- Genre: Documentary
- Presented by: Alan Davies (2014–2021) Angellica Bell (2018)
- Narrated by: Russell Tovey (2013)
- Country of origin: United Kingdom
- Original language: English
- No. of series: 11
- No. of episodes: 114

Production
- Running time: 30 minutes (2013) 60 minutes (2014—2021)
- Production companies: Middlechild and Motion Content Group

Original release
- Network: Channel 5 (2013–18) 5Select (2019–21)
- Release: 8 October 2013 – 15 November 2021

= The Dog Rescuers =

The Dog Rescuers (sometimes known as The Dog Rescuers with Alan Davies) is a British television programme that followed the work of animal charity RSPCA, specifically their work rescuing dogs.

A total of six series and eight special episodes of the show were broadcast on Channel 5 from 8 October 2013 to 26 December 2019, the show moved to 5Select in 2019 with the first episode of the seventh series airing on 14 October 2019.

The first season of the show was originally narrated by Russel Tovey. From the second season on Alan Davies, the English stand-up comedian, hosted the show.

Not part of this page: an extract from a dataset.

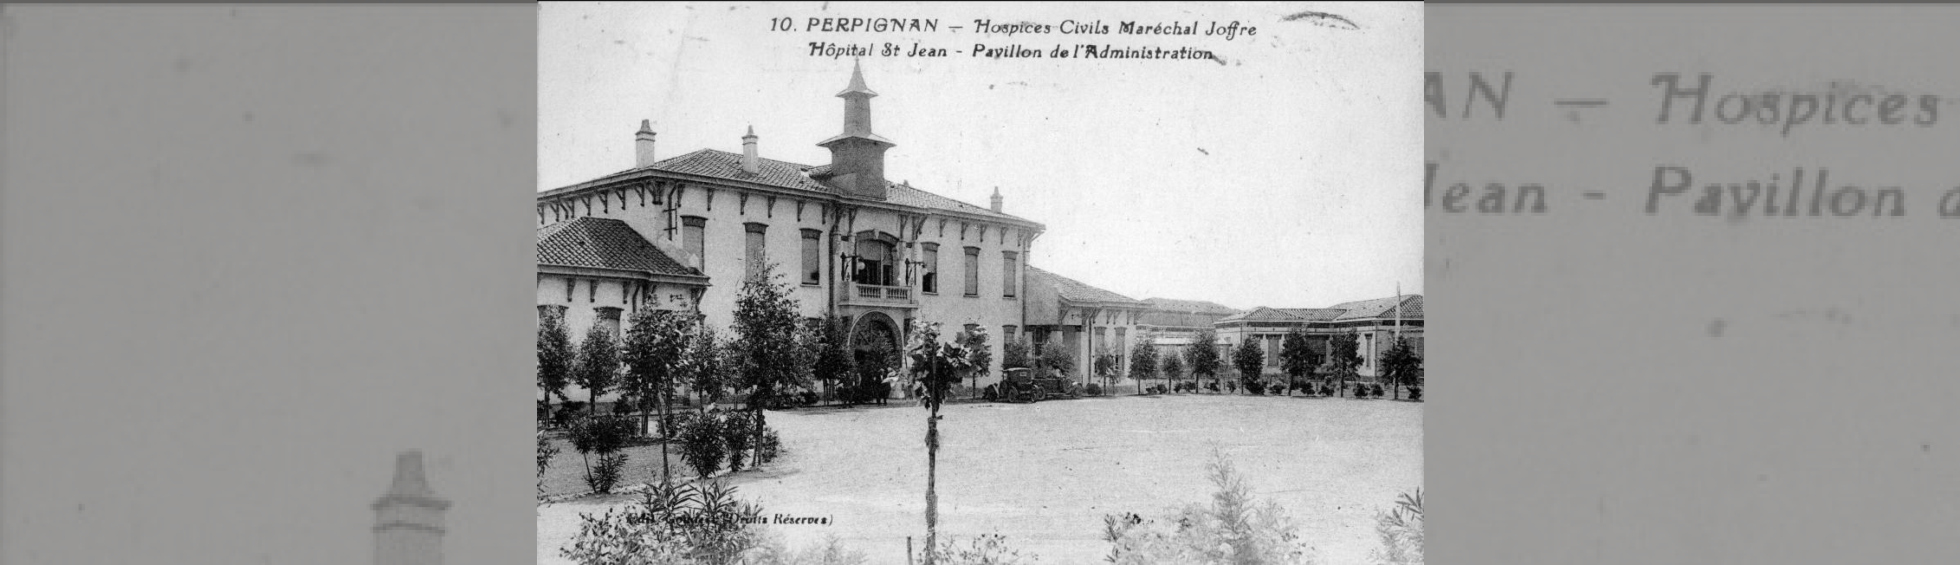 Hôpital  Saint Jean début 20e siècle,le batiment administratif
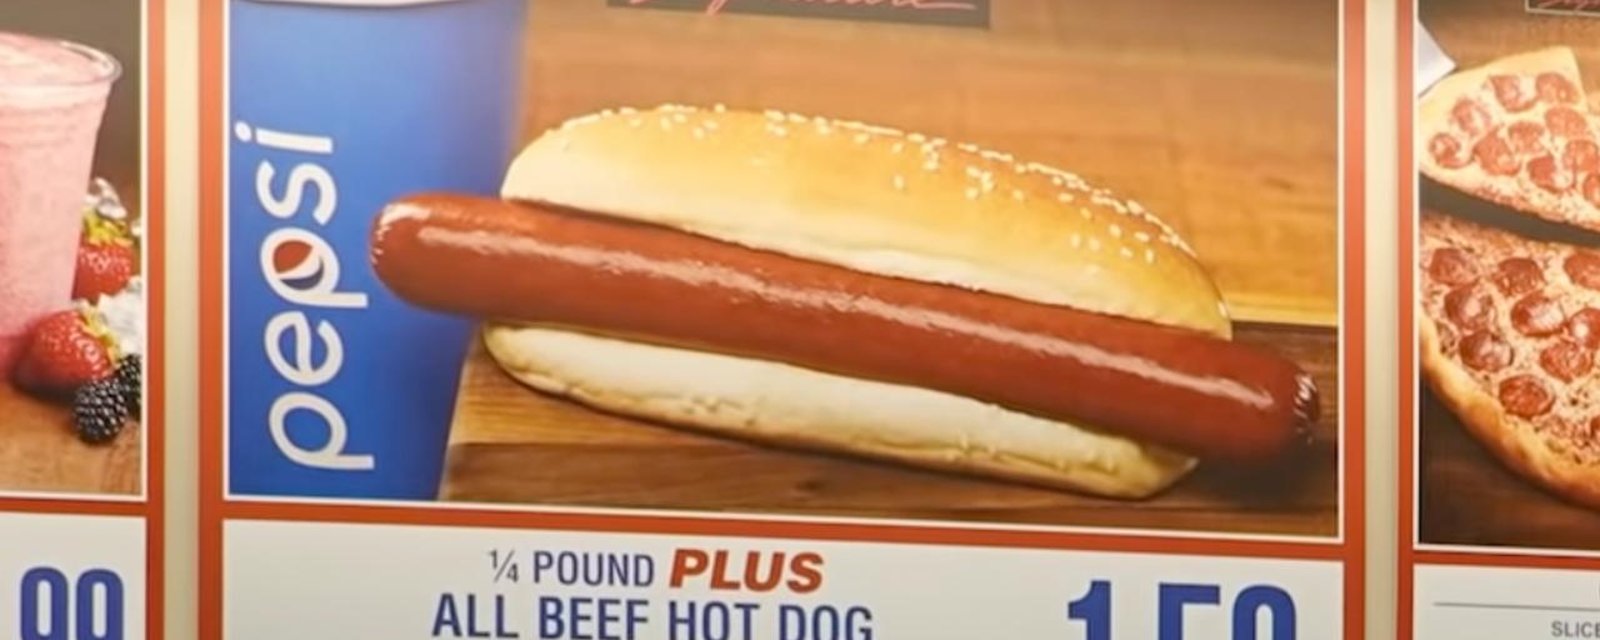 Le prix du hot-dog chez Costco résiste toujours à l'inflation

The show takes place in different parts of the UK, helping dogs who were neglected, abused, or abandoned. Throughout the documentary the audience will see the insides of a vet clinic and their process they do in order to help the dogs. Some of the types of professionals the audiences see within the documentary are vets, animal control, police officers, and or RSPCA Inspectors.

==Transmissions==
===Series===

| Series | Series start | Series end | Episodes | Channel |
| 1 | 8 October 2013 | 3 December 2013 | 10 | Channel 5 |
| 2 | 3 June 2014 | 19 August 2014 | 12 |
| 3 | 19 May 2015 | 4 August 2015 | 15 |
| 4 | 21 June 2016 | 27 September 2016 | 15 |
| 5 | 27 June 2017 | 19 September 2017 | 13 |
| 6 | 12 June 2018 | 14 August 2018 | 9 |
| 7 | 14 October 2019 | 9 December 2019 | 8 | 5Select |
| 8 | 2 September 2020 | 12 October 2020 | 7 |
| 9 | 30 November 2020 | 21 December 2020 | 4 |
| 10 | 8 June 2021 | 27 July 2021 | 8 |
| 11 | 11 October 2021 | 15 November 2021 | 6 |

===Specials===

| Series | Original air date |
|---|---|
| Christmas special | 24 December 2014 |
| Puppy special | 27 October 2015 |
| Christmas specials | 15 & 22 December 2015 |
| Christmas special | 21 December 2016 |
| Christmas special | December 2017 |
| 21 Dogs – The Big Rescue | 20 February 2018 |
| Christmas special | 26 December 2018 |
| Christmas Special | 19 December 2019 |
| Christmas Special | 21 December 2020 |

==The Kitten Rescuers/Jo Brand's Cats & Kittens==
On 28 December 2016, Jo Brand presented a one-off episode entitled "The Kitten Rescuers" on Channel 5. In 2017, it was turned into a series renamed as "Jo Brand's Cats & Kittens" it began airing on 14 November 2017 for a six-episode run until 19 December 2017.

== The Dog Rescuer | Pets & Vets ==
Under the Youtube account, "Pets & Vets" there is a section of "The Dog Rescuer" documentaries with Alan Davie. These are new episodes that are not found on streaming platforms. They consist of the same content as the television series with more recent release dates. The first release date was on 21 December 2022. The latest episode was released on 2 June 2022. The documentary continues to follow RSPCA inspectors as they work to try to help rescue dogs across the UK.